I like the 3-d picture.:thumbsup:

I guess your using tube track?
Or something else?

What is planned for the lower left corner?


----------



## manchesterjim (Dec 30, 2011)

*Reversing Loop?*

Looks like you might have a reversing loop there....(The top left yellow section). (Correct me if I'm wrong anyone...). Have you accounted for that?

Just wondering if you're going to be DC or DCC.

Thanks,
Jim


----------



## Big Ed (Jun 16, 2009)

manchesterjim said:


> Looks like you might have a reversing loop there....(The top left yellow section). (Correct me if I'm wrong anyone...). Have you accounted for that?
> 
> Just wondering if you're going to be DC or DCC.
> 
> ...



It is O gauge Man______, no problem with reversing loops in O. AC power. 

We sound like a broken record?


----------



## manchesterjim (Dec 30, 2011)

big ed said:


> It is O gauge Man______, no problem with reversing loops in O. AC power.
> 
> We sound like a broken record?




LOL....Yeah....but at least I learned my one new thing for the day!! :thumbsup:

Thanks Ed!


----------



## Big Ed (Jun 16, 2009)

manchesterjim said:


> LOL....Yeah....but at least I learned my one new thing for the day!! :thumbsup:
> 
> Thanks Ed!


Yes that is one advantage to running O.


----------



## mr_x_ite_ment (Jun 22, 2009)

Here is a point that I think is as true of a statement as I can make. It looks to me like the layout is maybe 14' X 14'? If this is true, I don't know how one would get in the middle to even construct it. You would have to be able to walk on top of it. Maybe it can be built on a flat floor, and put up on legs later. I am wondering if the lower left corner has to be cut out just so one can reach inside well enough? 

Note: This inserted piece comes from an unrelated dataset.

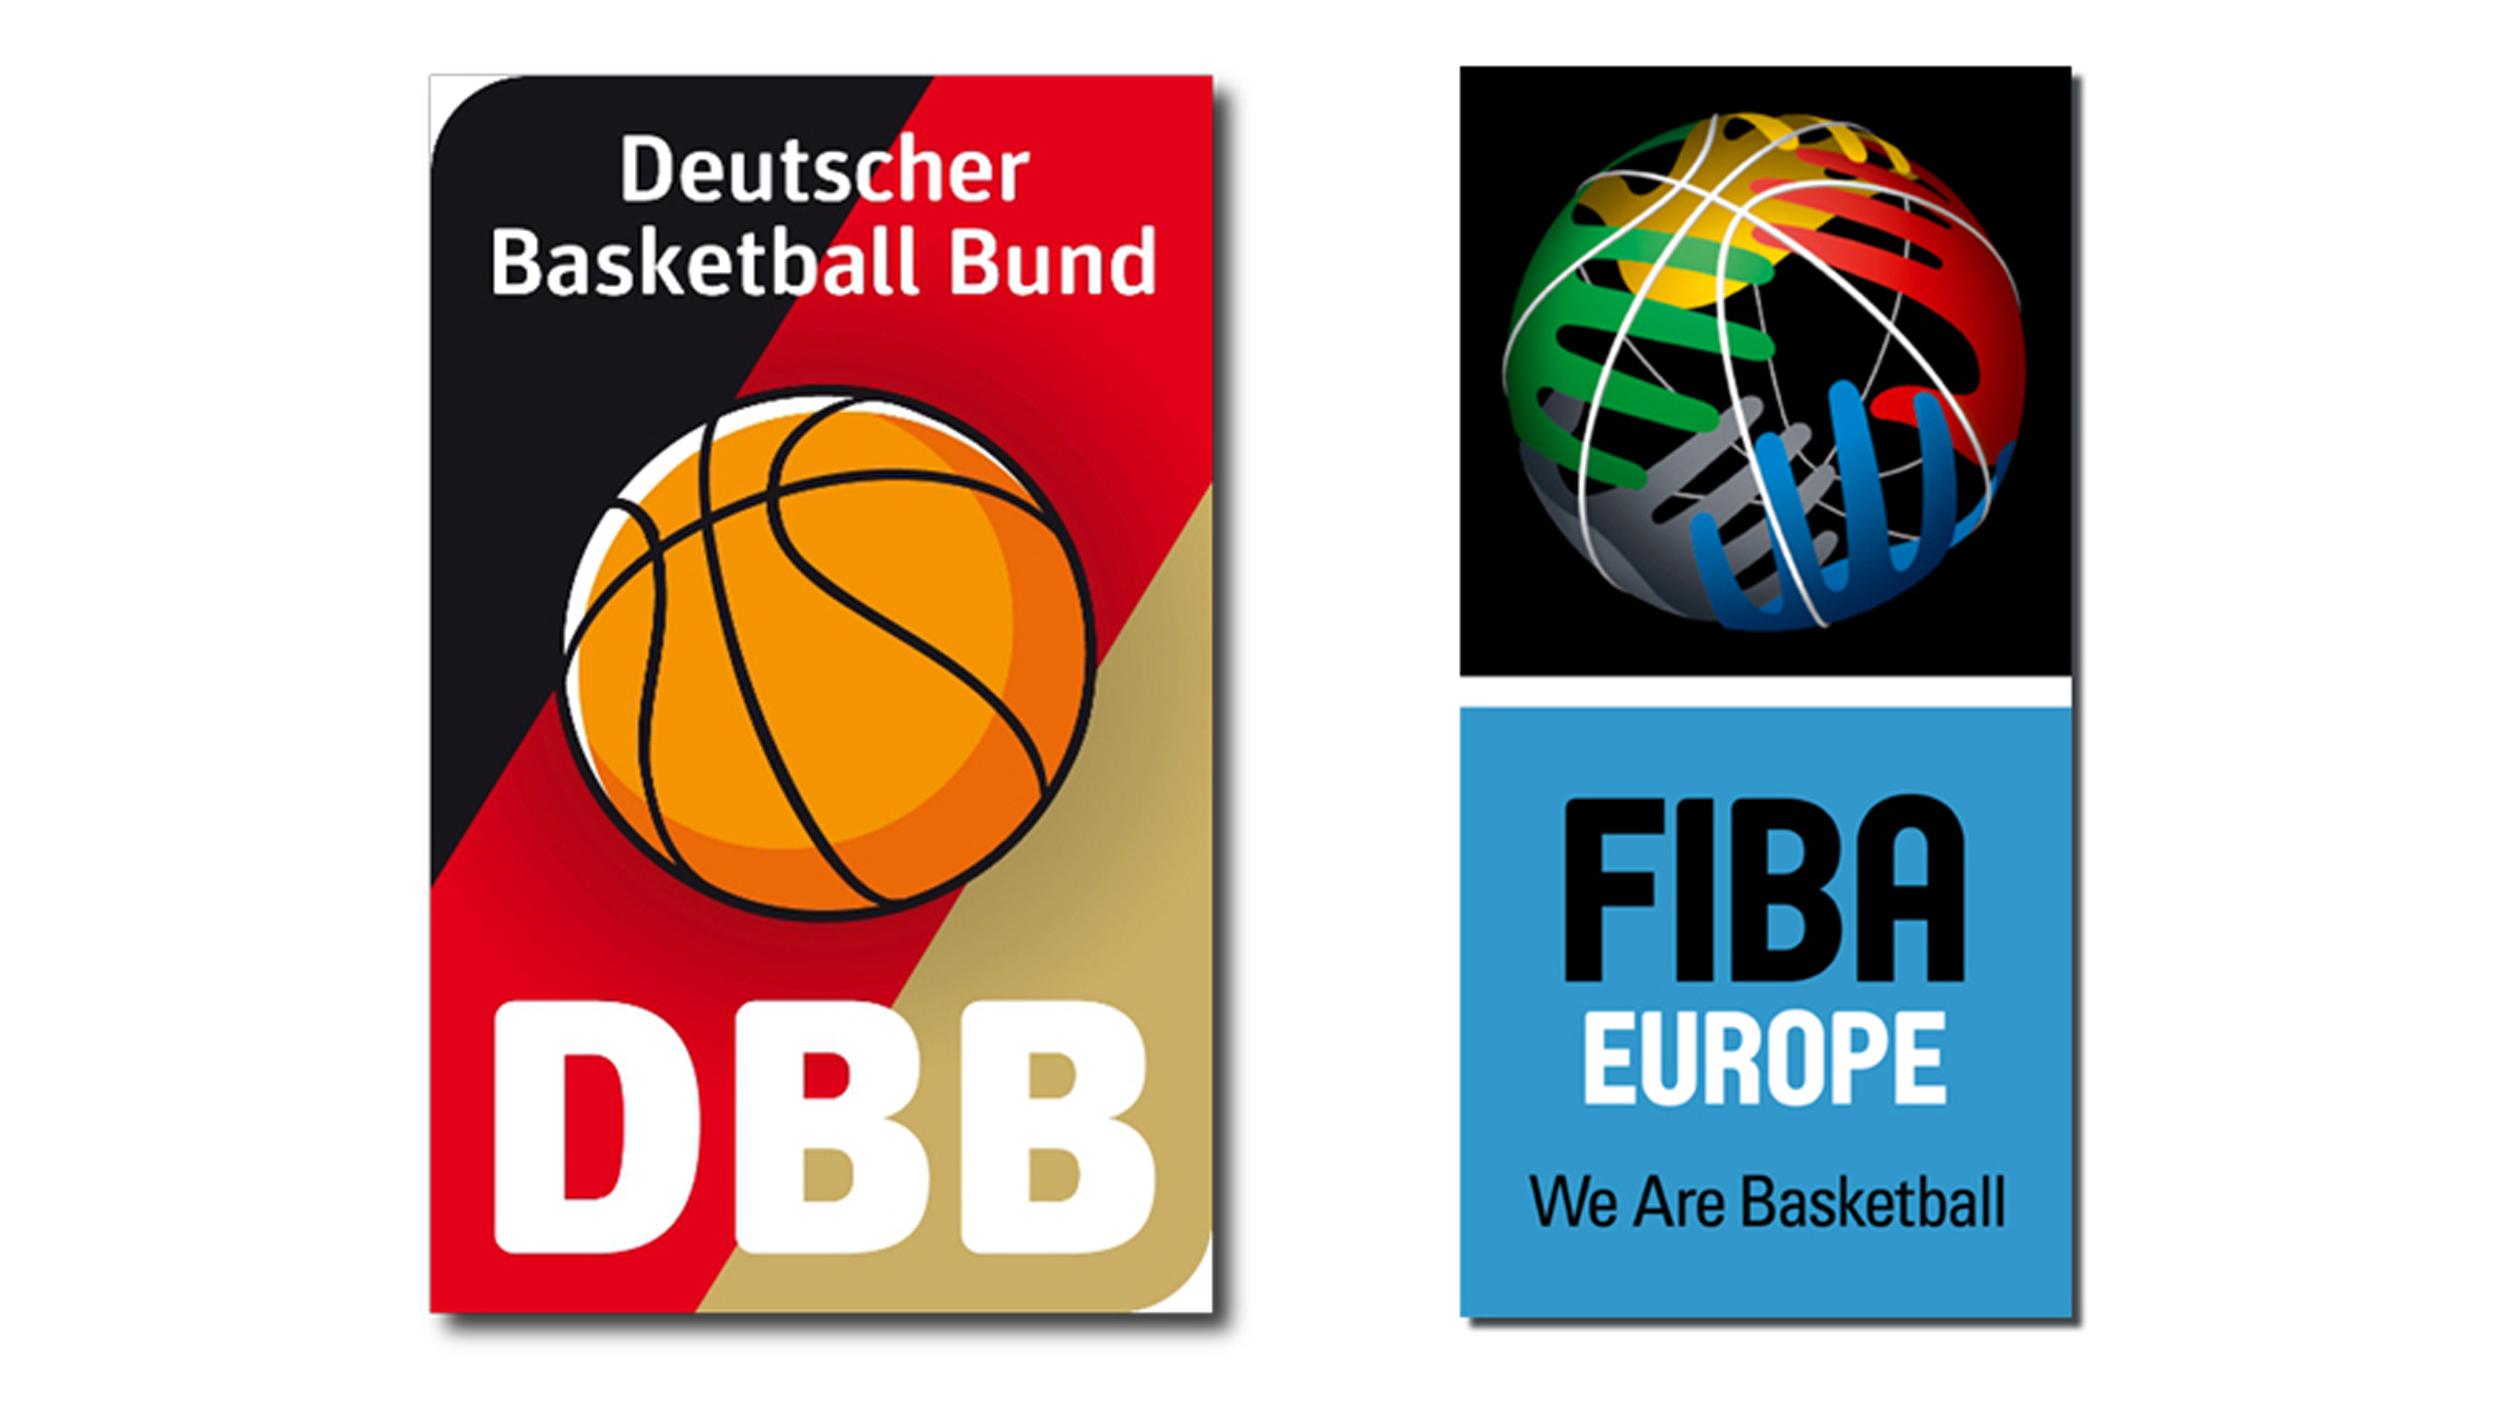 Der Deutsche Basketball Bund hat sich wie angekündigt fristgerecht um die Austragung einer Vorrunde der EuroBasket 2015 mit dem Standort Berlin beworben. Die Bewerbung in Form einer farbigen, 30-seitigen Broschüre und einer DVD mit den vom europäischen Basketball-Verband FIBA Europe geforderten Informationen wurde gestern in München zugestellt. Bedingt durch die Krisensituation in Teilen des Landes hatte der ursprüngliche Ausrichter Ukraine die EuroBasket 2015 in beiderseitigem Einvernehmen an die FIBA Europe zurückgegeben.

The next thing is that the inner-most loop appears to have about an 18-inch radius. This seems small to me for 0 gauge. I am not trying to be critical...just wanted to point out some things that could be a concern. I like the track plan overall.

Chad


----------



## gunrunnerjohn (Nov 10, 2010)

Good point about reaching the center of the table, I completely glossed over that.


----------



## Big Ed (Jun 16, 2009)

NorCalTransplant said:


> You mean under the table? The outside "bowl"  is not going to be very high, what is the minimum clearance, I forget off hand, 6-7" high? Ive got long arms and have no problem with putting a small step stool under the table if need be . Thanks for the input! :thumbsup:





gunrunnerjohn said:


> Good point about reaching the center of the table, I completely glossed over that.



He has a harness set up so he can hover over the table to get to the hard to reach spots.
I figure 7' long arms should reach the center OK.
Maybe he has one of those step stairs that extend you over the layout?

My 8'x8' where the round house is just comfortably reachable in the center.(with long arms)


----------



## mr_x_ite_ment (Jun 22, 2009)

I, too, have a long reach at times in places on my layout. I am not opposed to having hard-to-reach areas. As long as one can indeed reach it somehow, it should be fine. 

I am not well-versed with O scale whatsoever, but I am still concerned about the radius on the inner track. It seems like only short loco's and cars would be able to navigate it. This is just an observation.

Chad


----------



## billshoff (Nov 4, 2011)

NorCalTransplant, did you build this layout? I ask because I like it very much and would like to copy it if it worked for you. Do you have pictures?


----------